> Task brief
Without including any image, retype the records word for word.

Saved entries
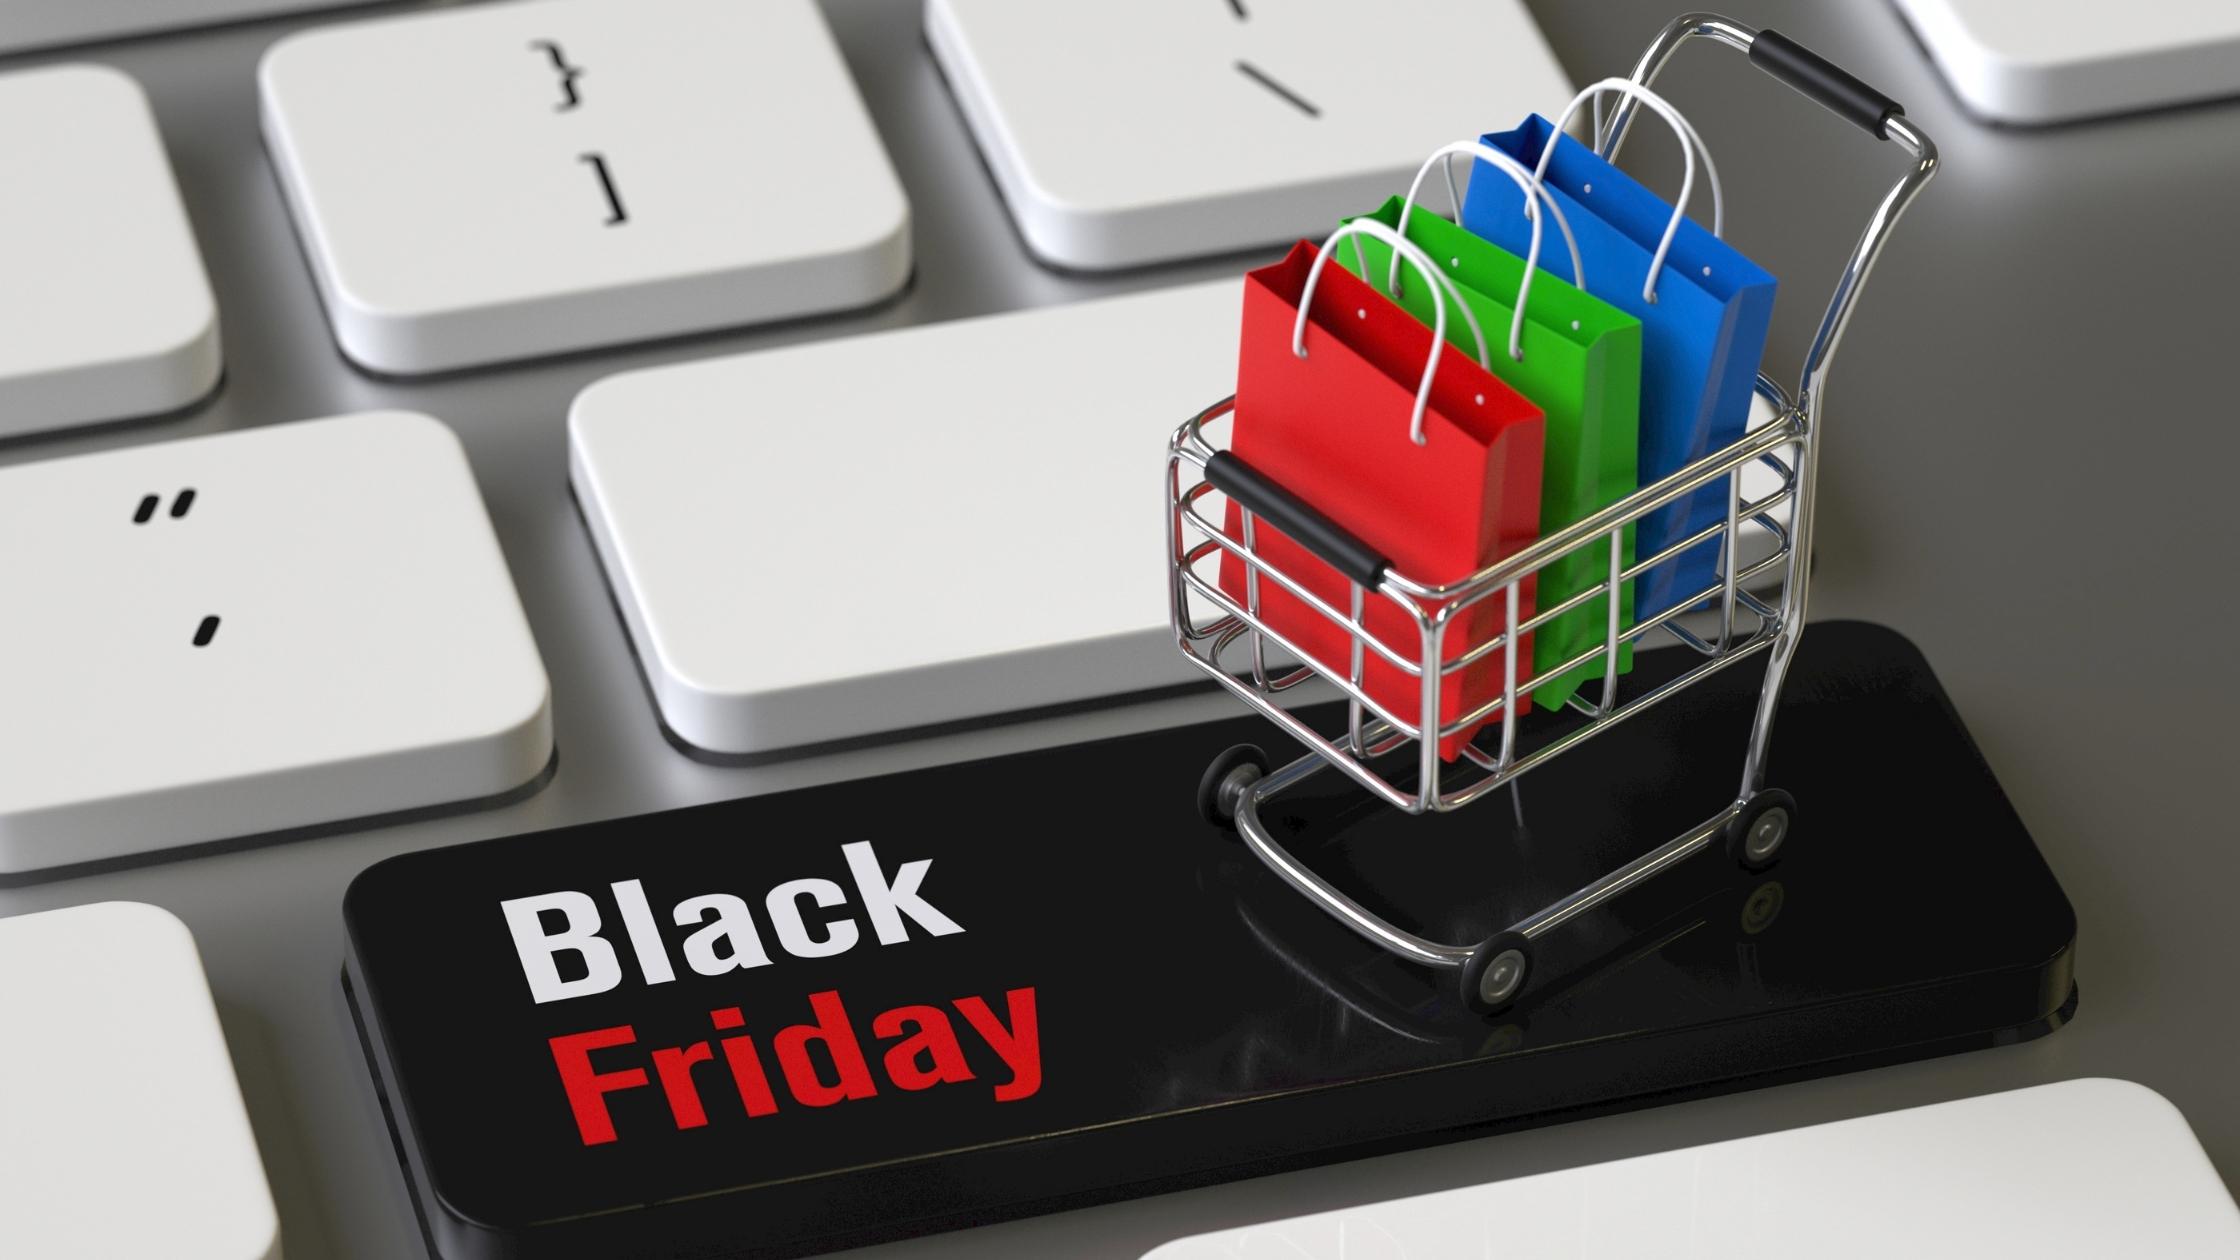 Black Friday and your website
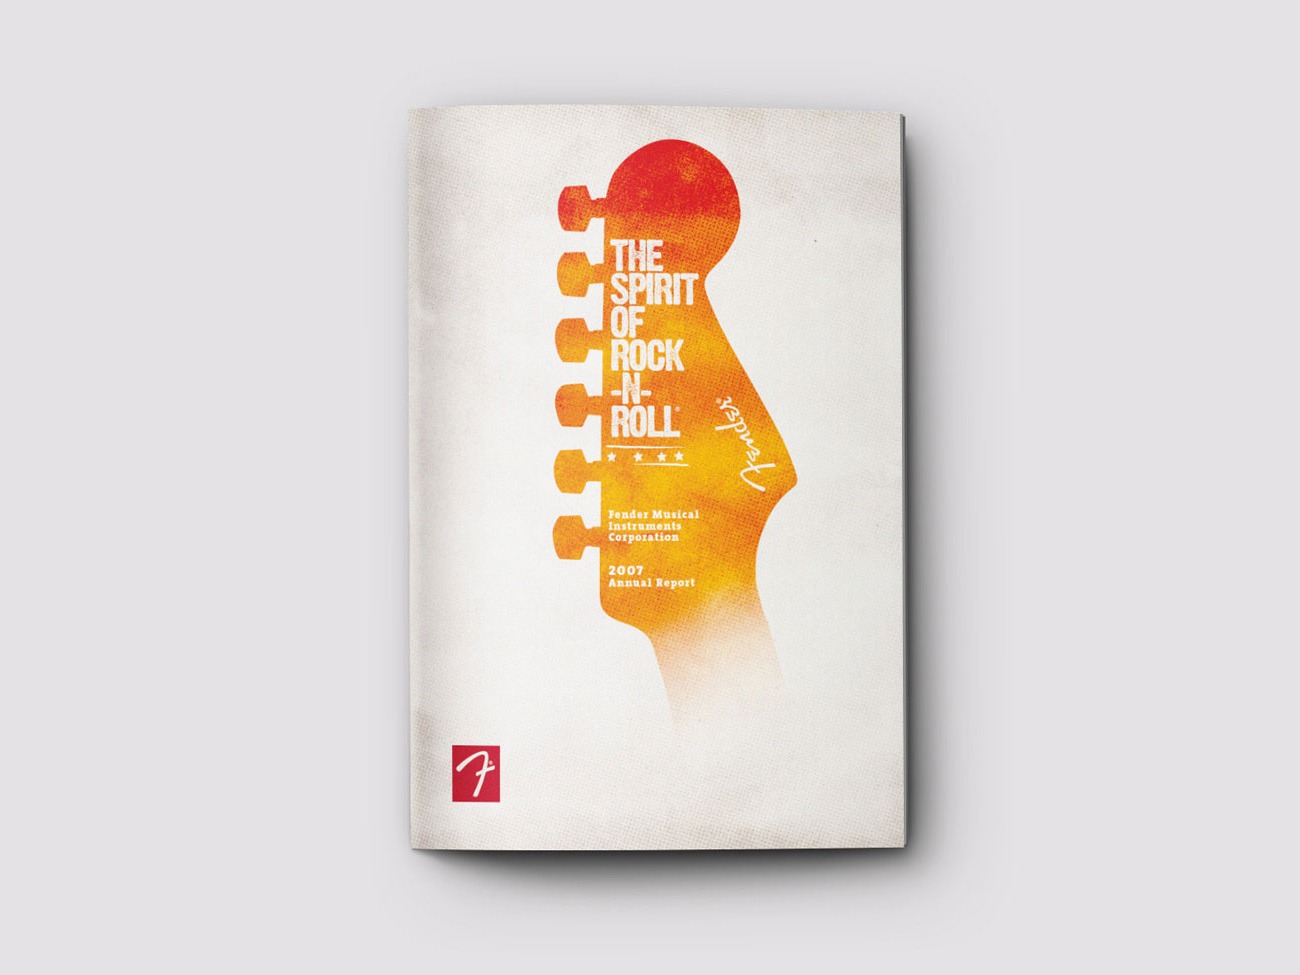 Fender Musical Instruments 2007 Annual Report
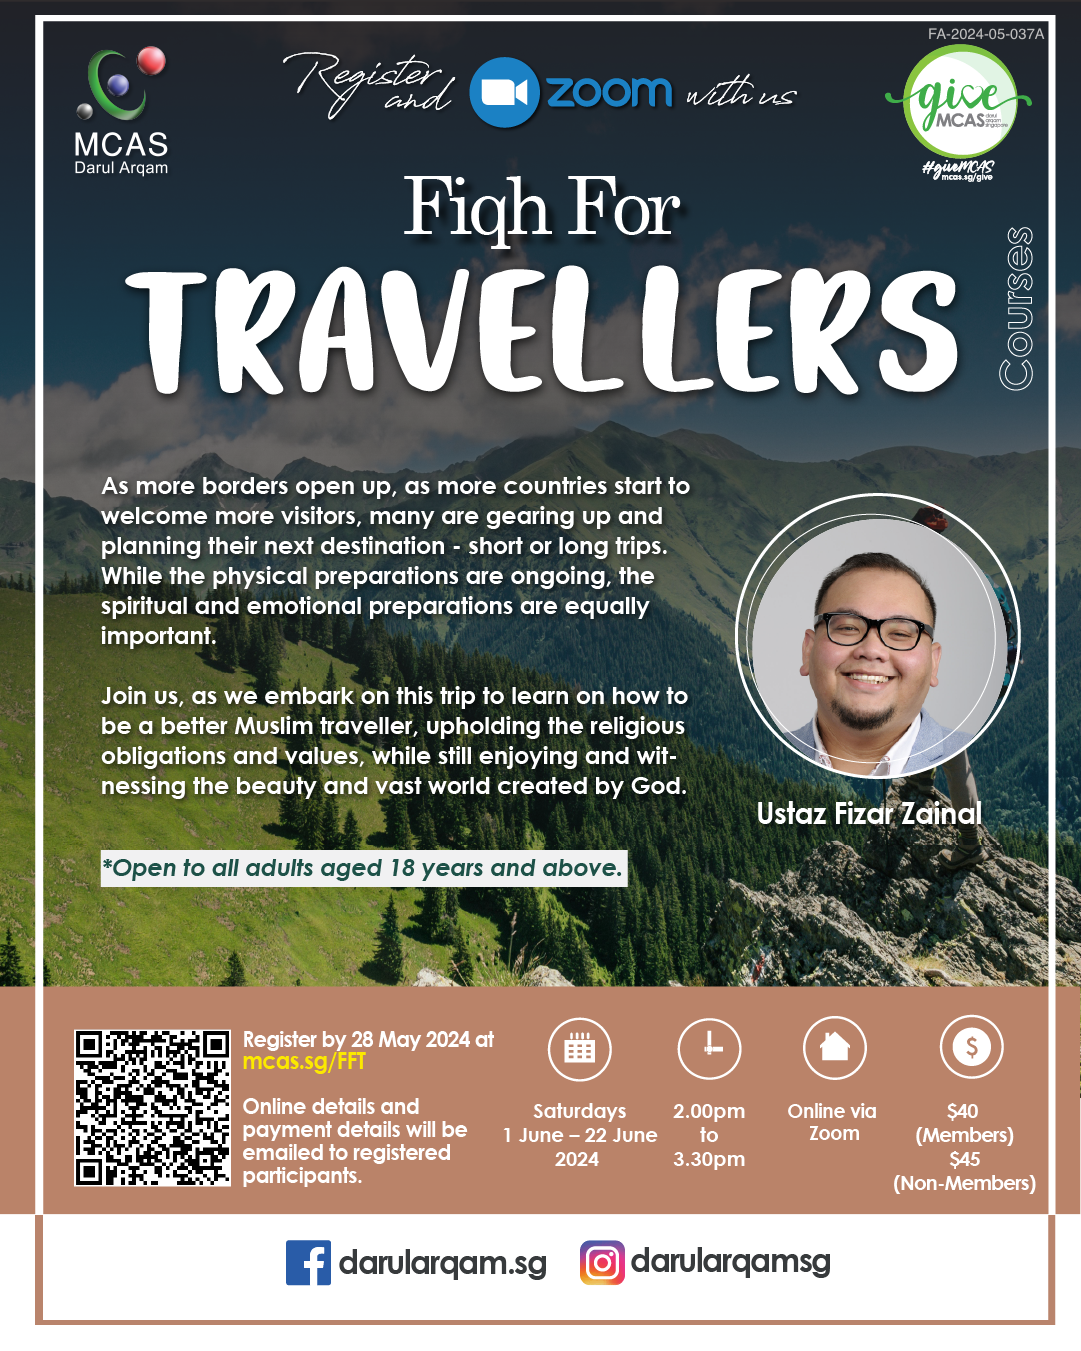 Fiqh For Travellers
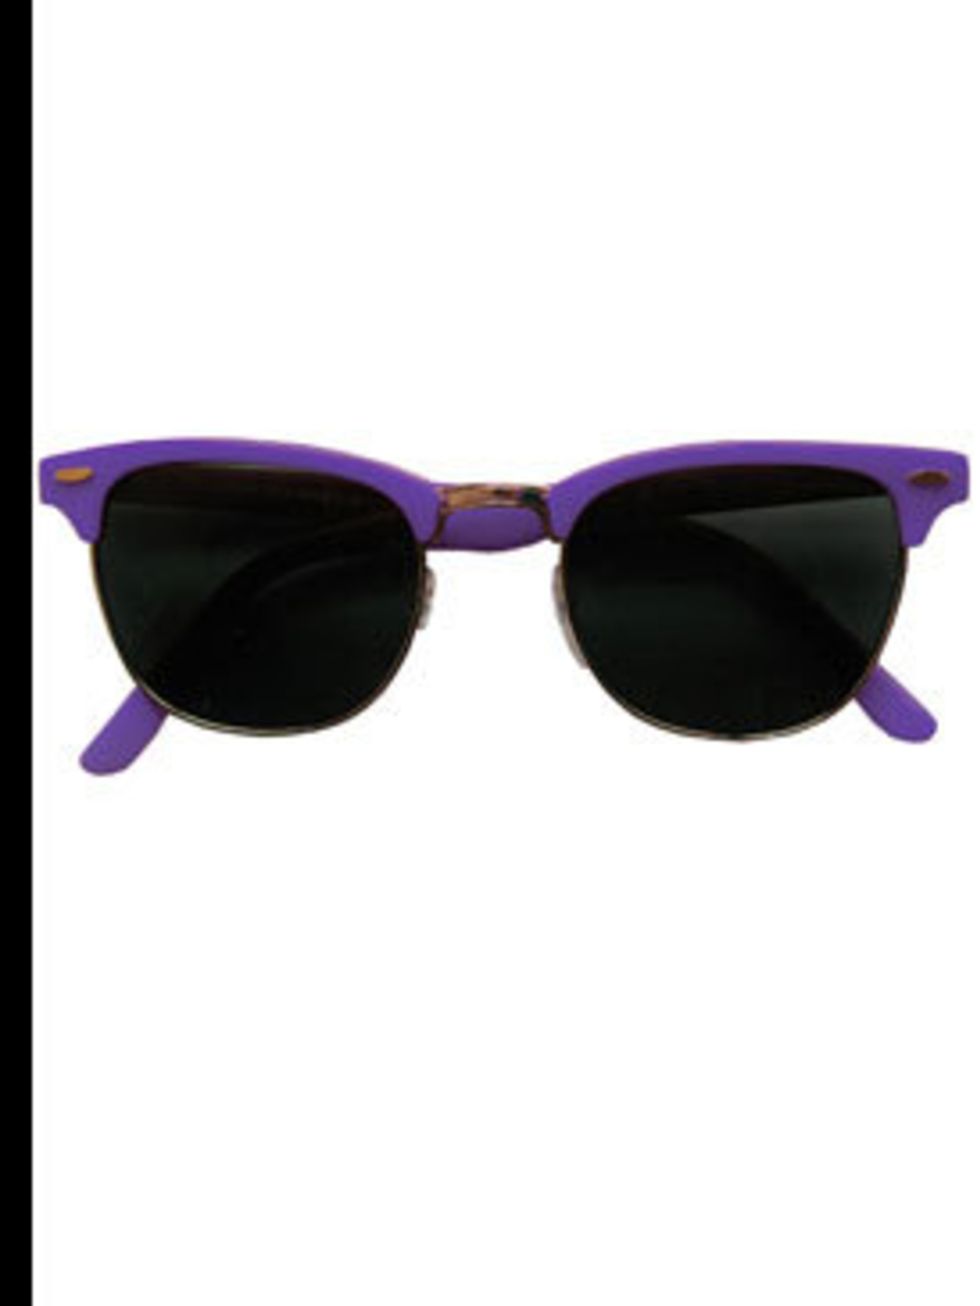 <p>Purple sunglasses, £14, by <a href="http://www.lazyoaf.co.uk/product_info.php?cPath=72_83&amp;products_id=1289">Lazy Oaf</a></p>
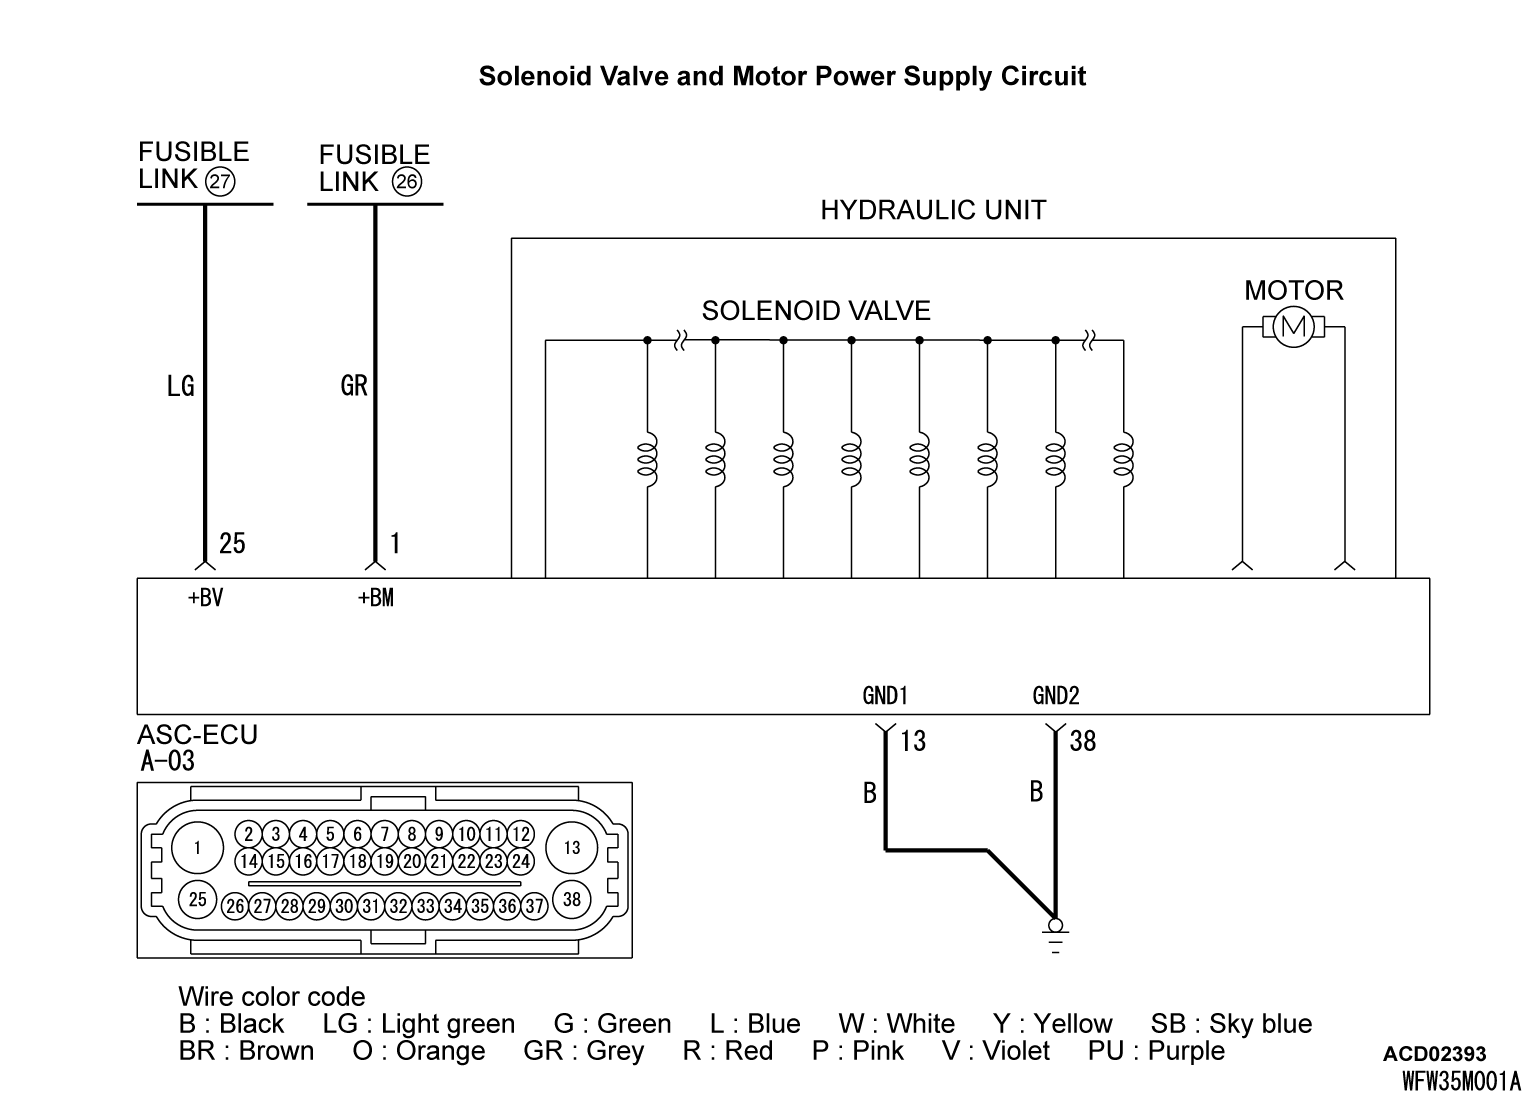 35C-DTC C2116: ABNORMALITY IN POWER SUPPLY VOLTAGE IN PUMP MOTOR

> Solution below
 Black Friday and your website
 Fender Musical Instruments 2007 Annual Report
 Fiqh For Travellers
 <p>Purple sunglasses, £14, by <a href="http://www.lazyoaf.co.uk/product_info.php?cPath=72_83&amp;products_id=1289">Lazy Oaf</a></p>
 35C-DTC C2116: ABNORMALITY IN POWER SUPPLY VOLTAGE IN PUMP MOTOR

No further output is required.